So I’ve been pretty poor at maintaining this blog recently for a number of reasons. Over the last month or so a lot a has happened which has meant that I haven’t had the time or energy to keep up the writing. However, these events have been well deserved and long-needed (even if I do say so myself!). The first major thing was that my boyfriend and I finally got to move into our own flat, it’s only taken us 7 and a half years! Since moving in and buying nice things to furnish it with we are both so much happier. It’s amazing how much a difference having our own space in a nice part of town, with only the two of us to worry about. It’s been quite a long wait but it was totally worth it!

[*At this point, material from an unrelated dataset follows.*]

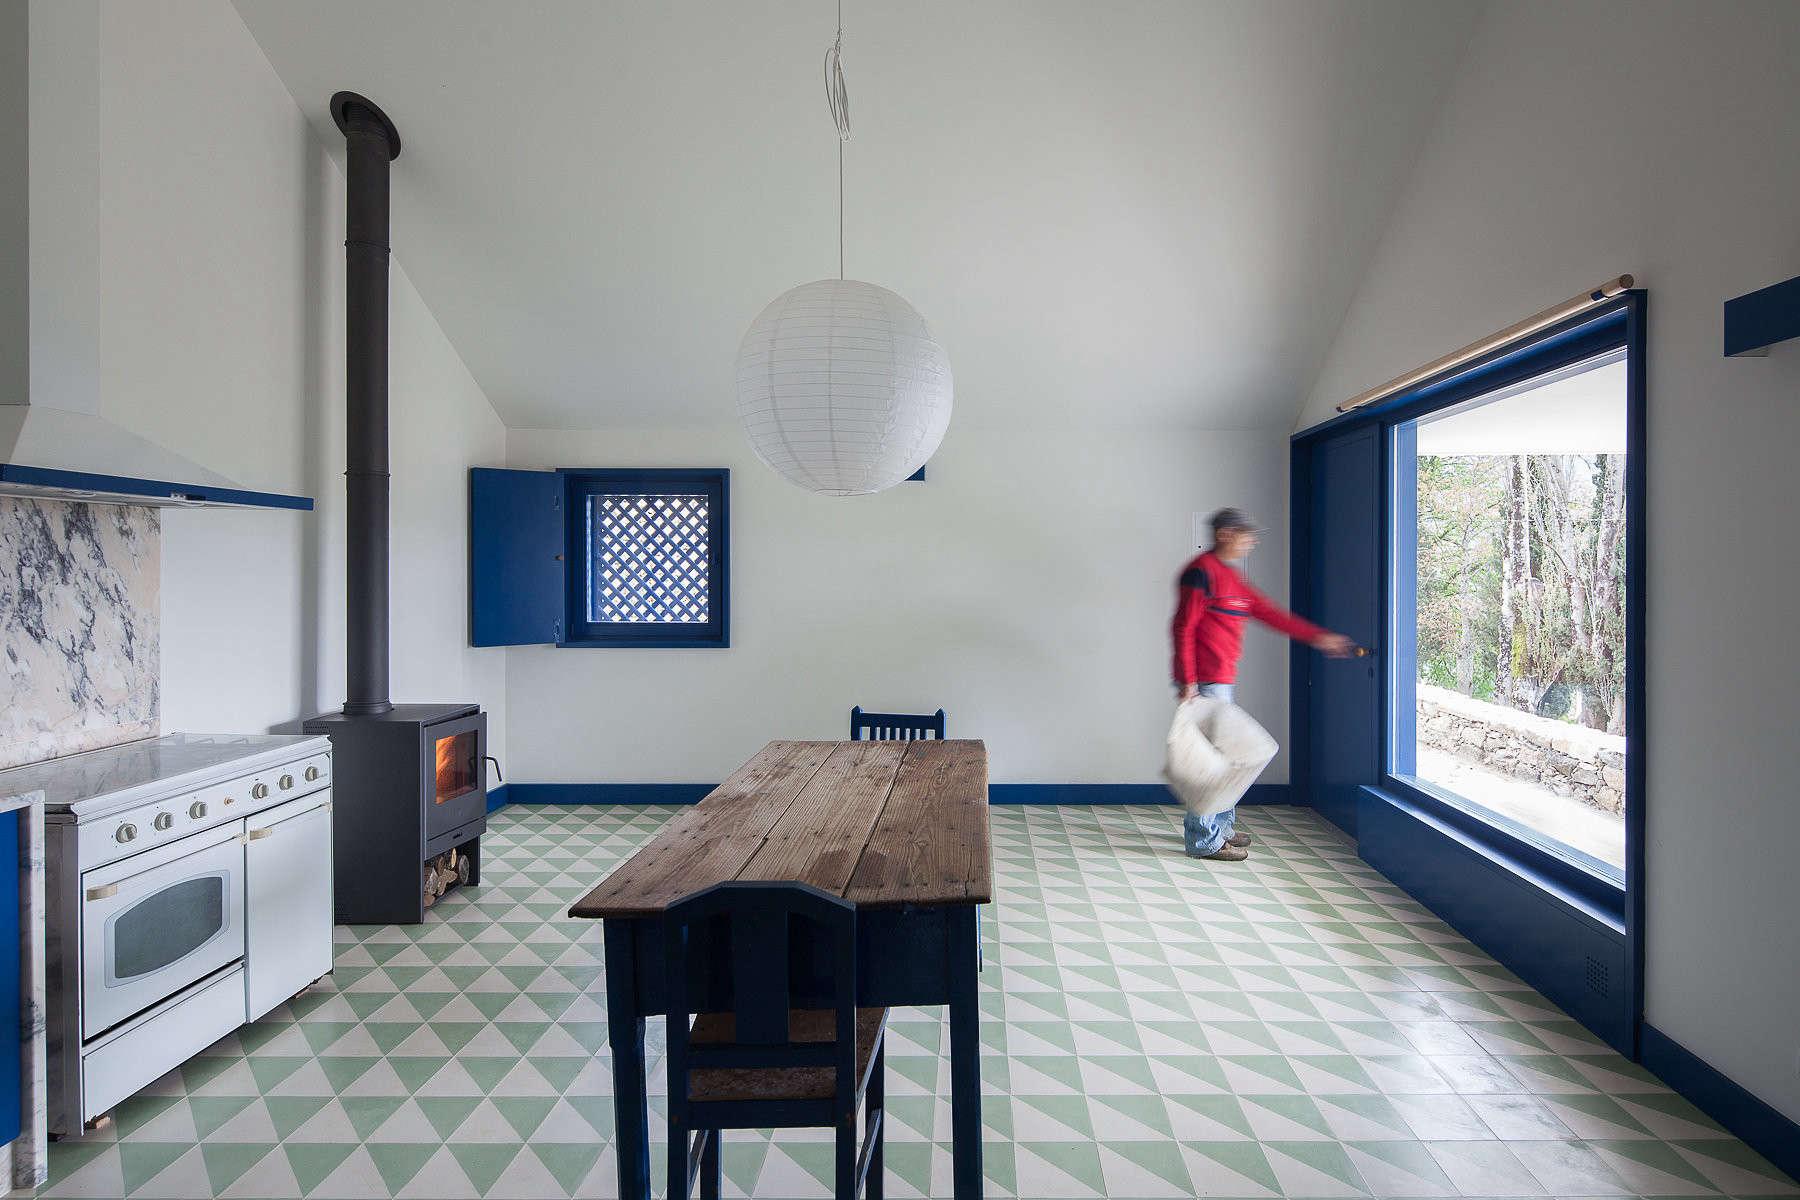 cabinets, windows, doors, and trim are all painteda vibrantblue. 11
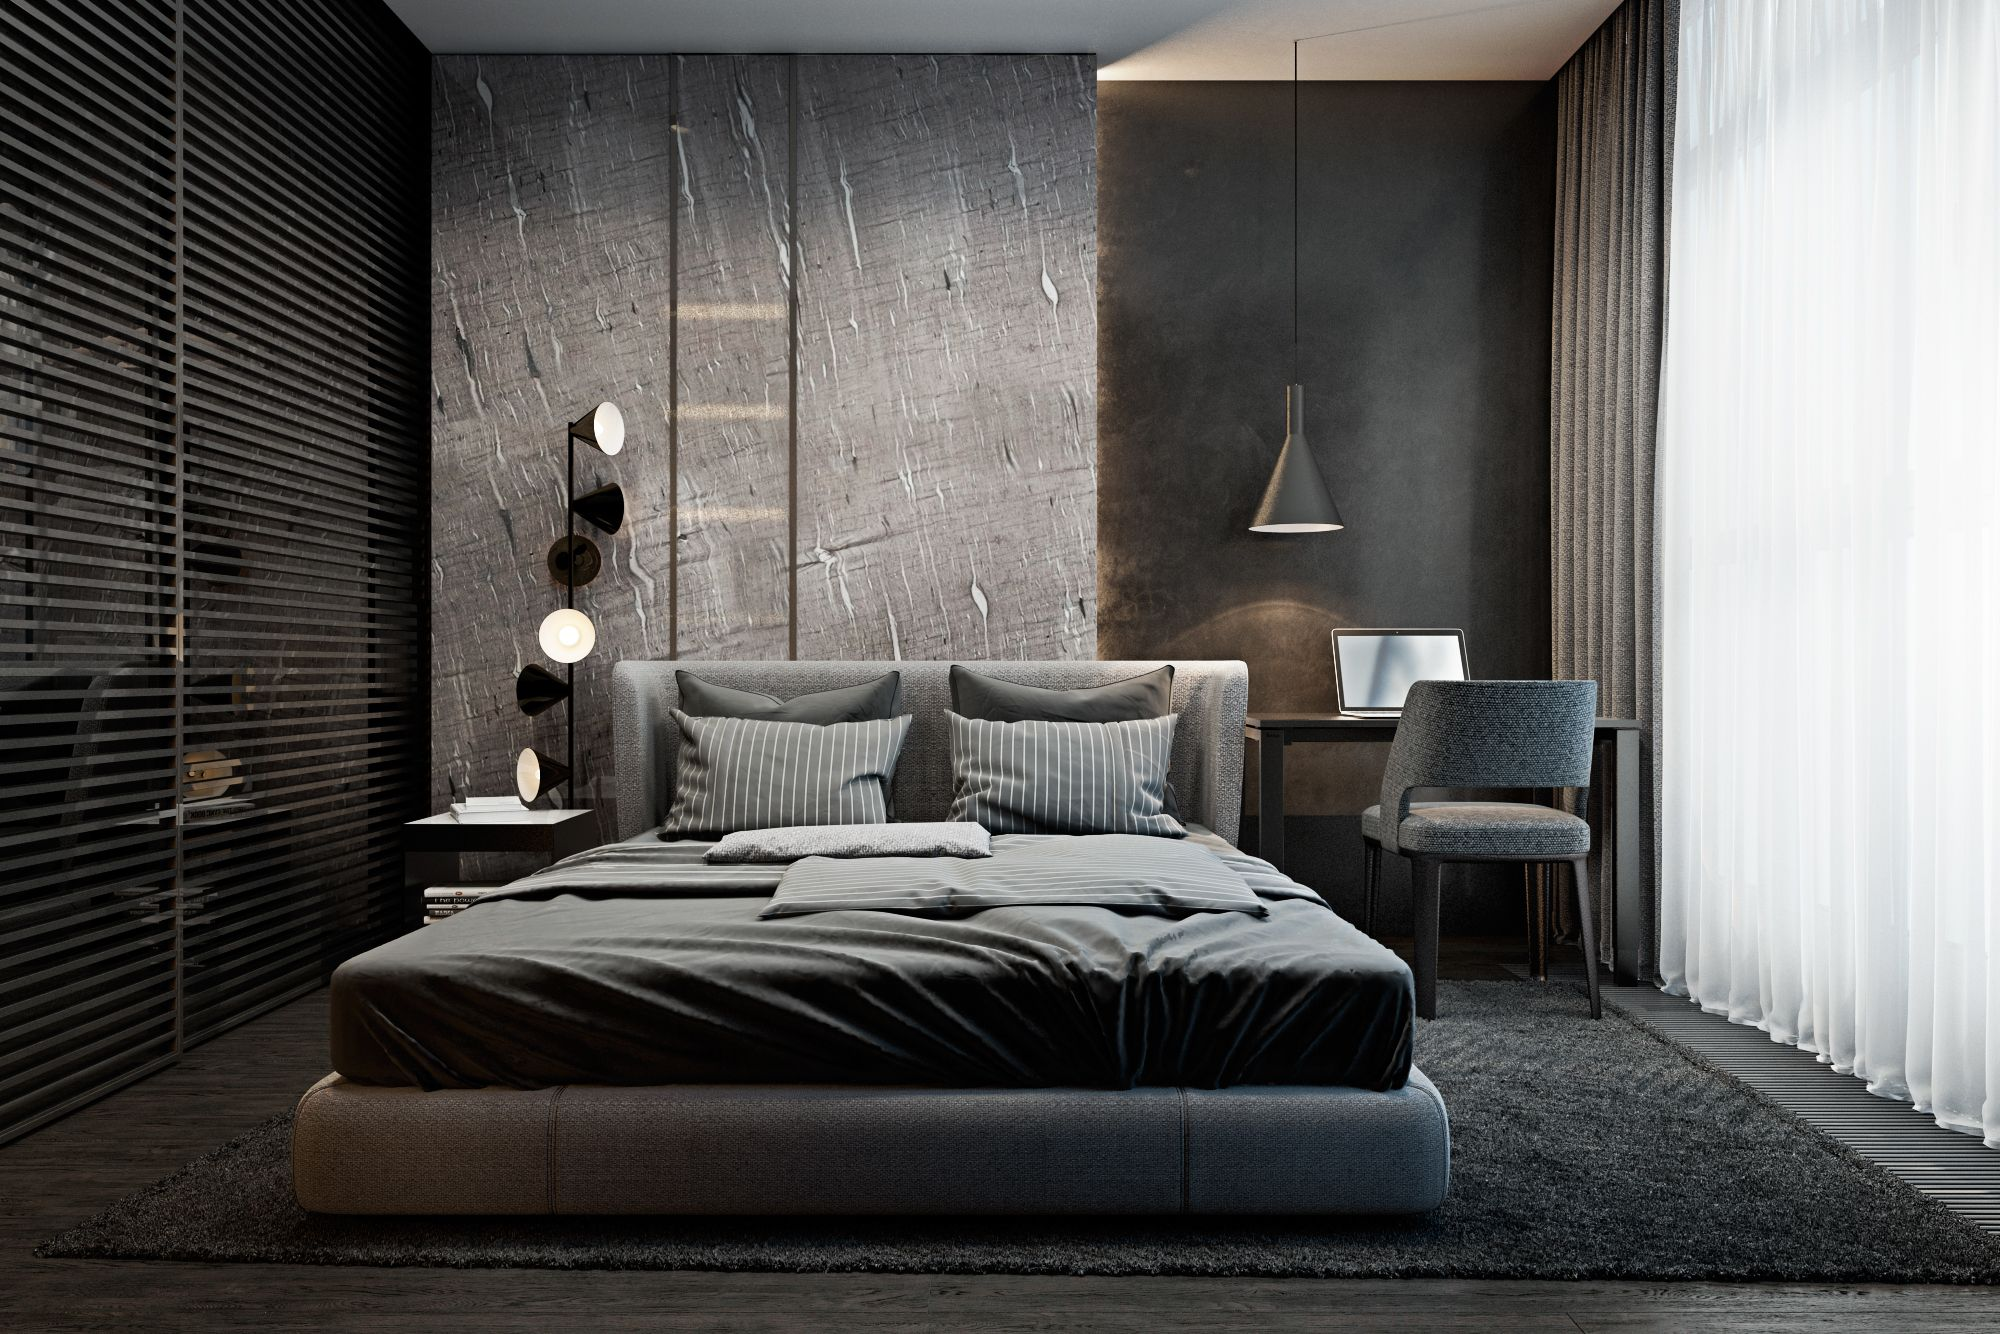 New bedroom interior design  minimalist living room ideas of your space  behance bedrooms

The second major thing that has happened to me recently is that I applied for a studentship at the Univeristy of Southampton to do a PhD in Archaeology. After I completed my masters a couple of years ago I wasn’t convinced that further study was right for me and so I took my current job at Reading Univeristy as a Research Assistant. This job has been amazing allowing me to stay in an academic environment and work with some great people, assiting their research. Over the past year or so I have been thinking about my future and career and struggled to find something that I wanted to pursue. I was then shown the job advert for the PhD Studetship and it sounded ideal. My reasons for not pursuing a PhD sooner revolved around the topic and cost, however this one ticked all of the boxes. The studentship aims to improve aging techniques for human skeletal remains in archaeological assemblages which could provide a positive contribution to the field – something that was important to me, plus there was the added benefit for being funded.
I am extremely pleased to say that this week I recieved confirmation that I had been awarded the studentship! I will be starting sometime at the end of September and I’m very much looking forward to it. It will allow me to work in an area that I am passionate, carry out my own research and to potentially meet a lot of interesting and exciting people. To be honest I can’t really believe it still but I’m sure it’ll sink in at some point!
Getting to this point has not been easy – for myself or my family. I have very nearly given up on pursuing a career in the anthropology/archaeology field on multiple occasions even though I knew that wouldn’t make me happy. I have always heard, and even said myself, that you should do something that makes you happy but that it so much easier said then done. It is really difficult pursuing your dream job, especially if it’s in a slightly niche subject or if you need lots of work experience to get anywhere, and getting a suitable income to provide for yourself. I am hopeful in saying that I think that my PhD is that start of my career in a subject I really enjoy, but it has been sheer determination and a lot of support from my family and boyfriend that has really got me through. I feel very lucky to have gotten here, and yes I have worked very hard to get here, but I still feel lucky.
If you are trying to pursure your ideal career, or are attempting to get into a difficult field – keep going. Work hard, be nice to people and take any opportunities that you can manage – you probably won’t be able to do everything but showing you tried will count. Also make sure you are surrounded by people who support you and who you can depend on. If you’re going through things like I have over the past year or so you’ll need help and someone to turn to when you are feeling bad about yourself and your decisions. They are invaluable and are honestly the reason why I have managed to get this far. However, finally remember that there is an element of luck in all of this. I was luckly to see the job/PhD advert when I did, but that doesn’t mean it won’t happen just that it might happen when you don’t expect it!
I don’t usually write posts like this, and to be honest I didn’t really intend to when I first sat down today, but I felt like I’ve managed to get some things off my chest. I also hope that if anyone who has been in a similar position to me over the last year reads this I hope this post can bring them a little comfort or advice. You’re not alone, and keep your head up – I’m pretty certain it will work out in the end!